Find dx/dy by implicit differentiation
x^2y+y^2x
P.S: It's calculus
Differentiate with respect to y, recognizing that x is a function of y.
You cannot "find" dx/dy unless you write an equation. You have only written a formula for a function g(x,y).

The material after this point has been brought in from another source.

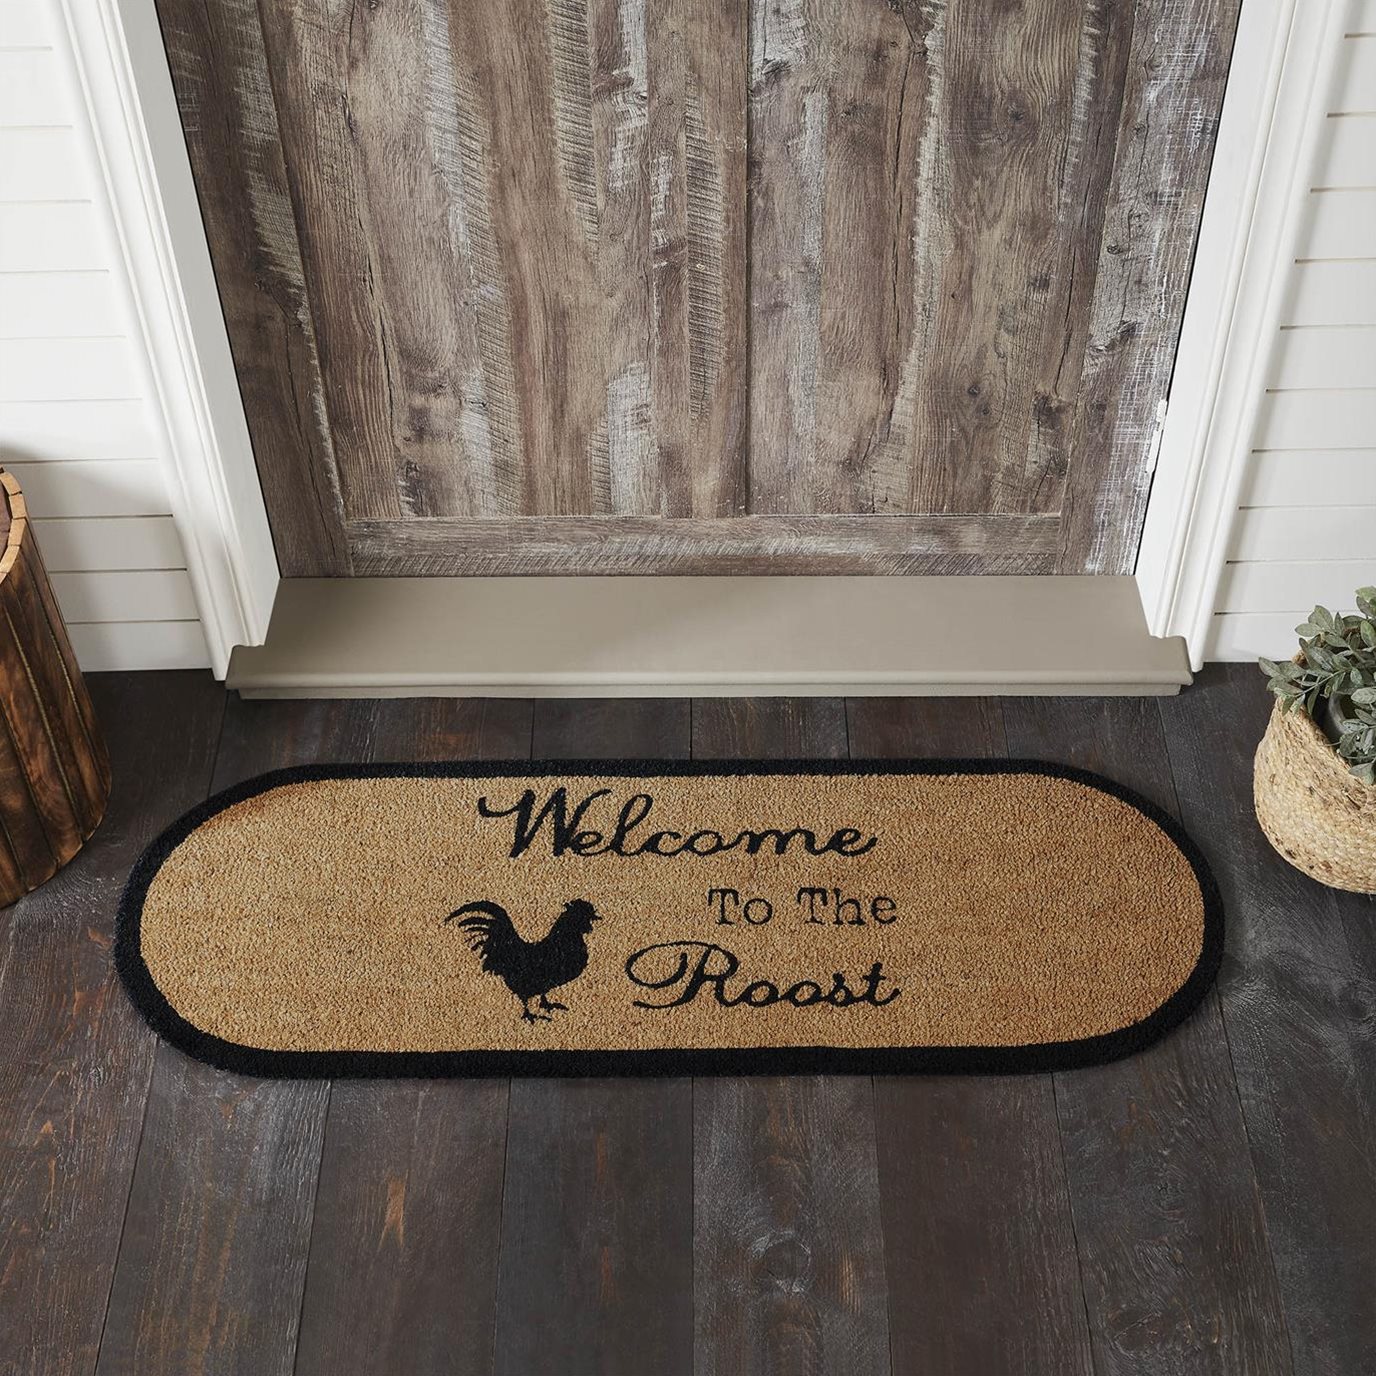 Down Home Welcome to the Roost Coir Rug Oval 17x48

If x^2*y + y^2*x = C (any constant), then
x^2 + y*2x*dx/dy + 2yx + y^2 dx/dy = 0
dx/dy(y^2x + y^2) = -x^2 -2yx
dx/dy = -x(x-2y)/[y^2(1+x)]
I think you want this equal to a constant if you want a solutionyou want dx/dy so differentiate wrt y
x^2 + y 2 x dx/dy+ y^2 dx/dy + x 2 y
= x^2 + 2 xy dx/dy + y^2 dx/dy + 2 x y
= dx/dy (2xy + y^2) + x^2 + 2xy
now if the right hand were a constant, then that = 0 so
dx/dy = -(x^2+2xy)/(y^2+2xy)
y = x^2y+y^2x
dy/dx = 2y X^2y-1 + 2x Y^2x-1
To find dx/dy by implicit differentiation, you'll need to differentiate both sides of the equation with respect to y, treating x as a function of y. Let's assume the equation is:
x^2y + y^2x = 0
To differentiate this equation implicitly, follow these steps:
Step 1: Differentiate both terms with respect to y using the product rule and chain rule.

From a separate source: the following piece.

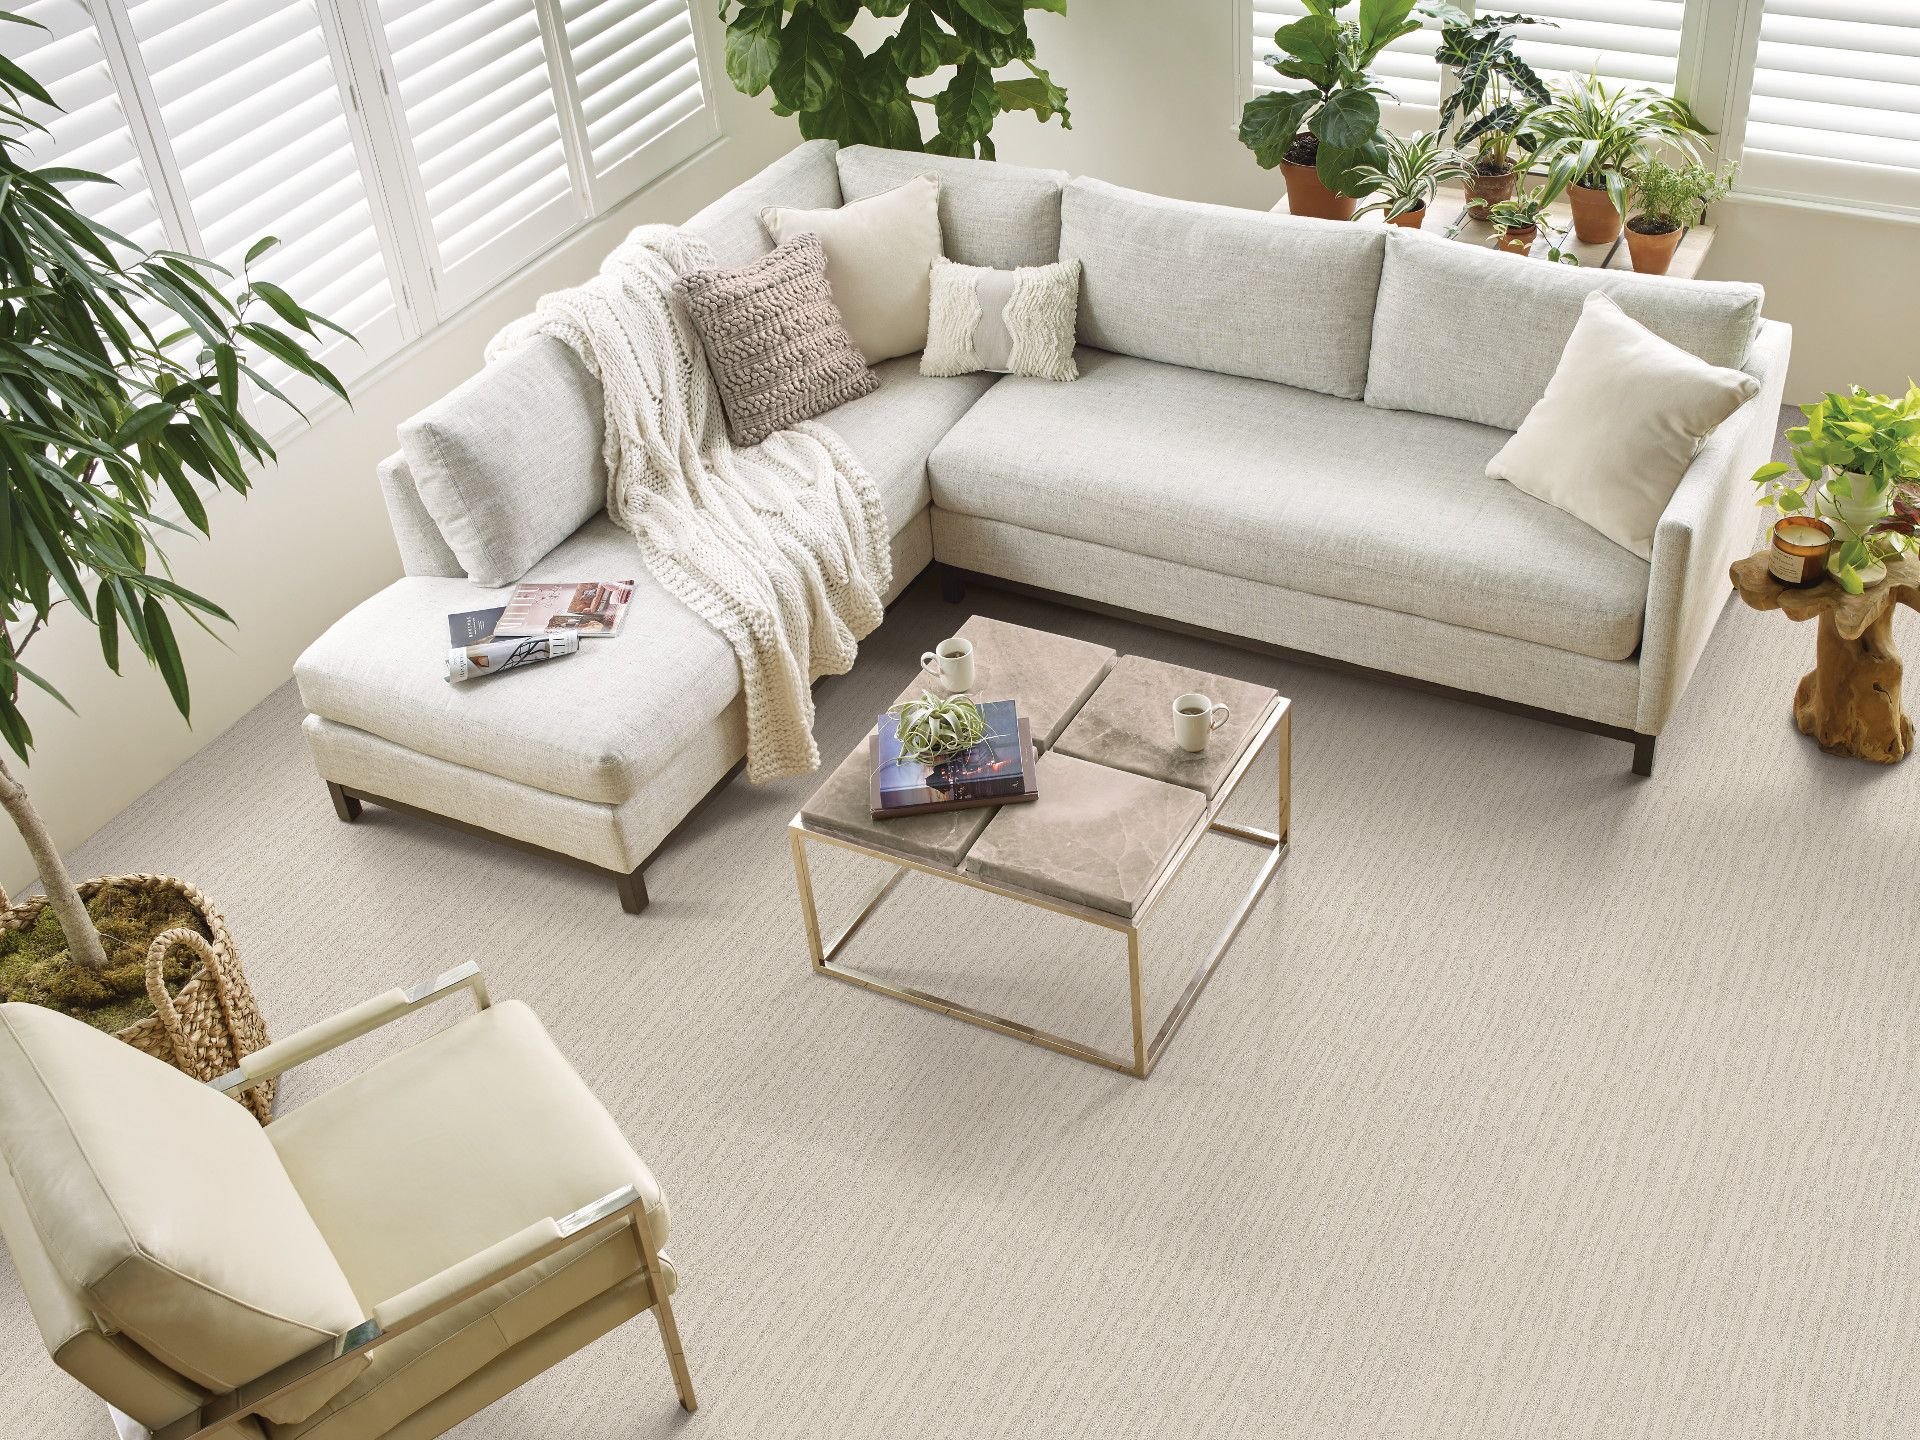 Large living room with white couch on carpet from Camarillo Interiors in San Jose

For the term x^2y, apply the product rule:
d/dy (x^2y) = 2xy + x^2(dy/dx)
For the term y^2x, apply the product rule:
d/dy (y^2x) = 2yx + y^2(dx/dy)
Step 2: Combine the differentiated terms on one side of the equation.

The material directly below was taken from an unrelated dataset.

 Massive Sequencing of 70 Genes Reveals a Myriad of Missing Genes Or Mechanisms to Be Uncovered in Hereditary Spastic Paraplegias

2xy + x^2(dy/dx) + 2yx + y^2(dx/dy) = 0
Step 3: Rearrange the equation and isolate dx/dy.
x^2(dy/dx) + y^2(dx/dy) = -2xy - 2yx
Step 4: Solve for dx/dy.
To solve for dx/dy, divide both sides of the equation by y^2:
(dx/dy) = (-2xy - 2yx) / (x^2 + y^2)
So, the derivative dx/dy is given by (-2xy - 2yx) / (x^2 + y^2).
Note: Be careful to differentiate correctly using the chain rule when differentiating terms with x's. Make sure to take into account that y is treated as a function of x.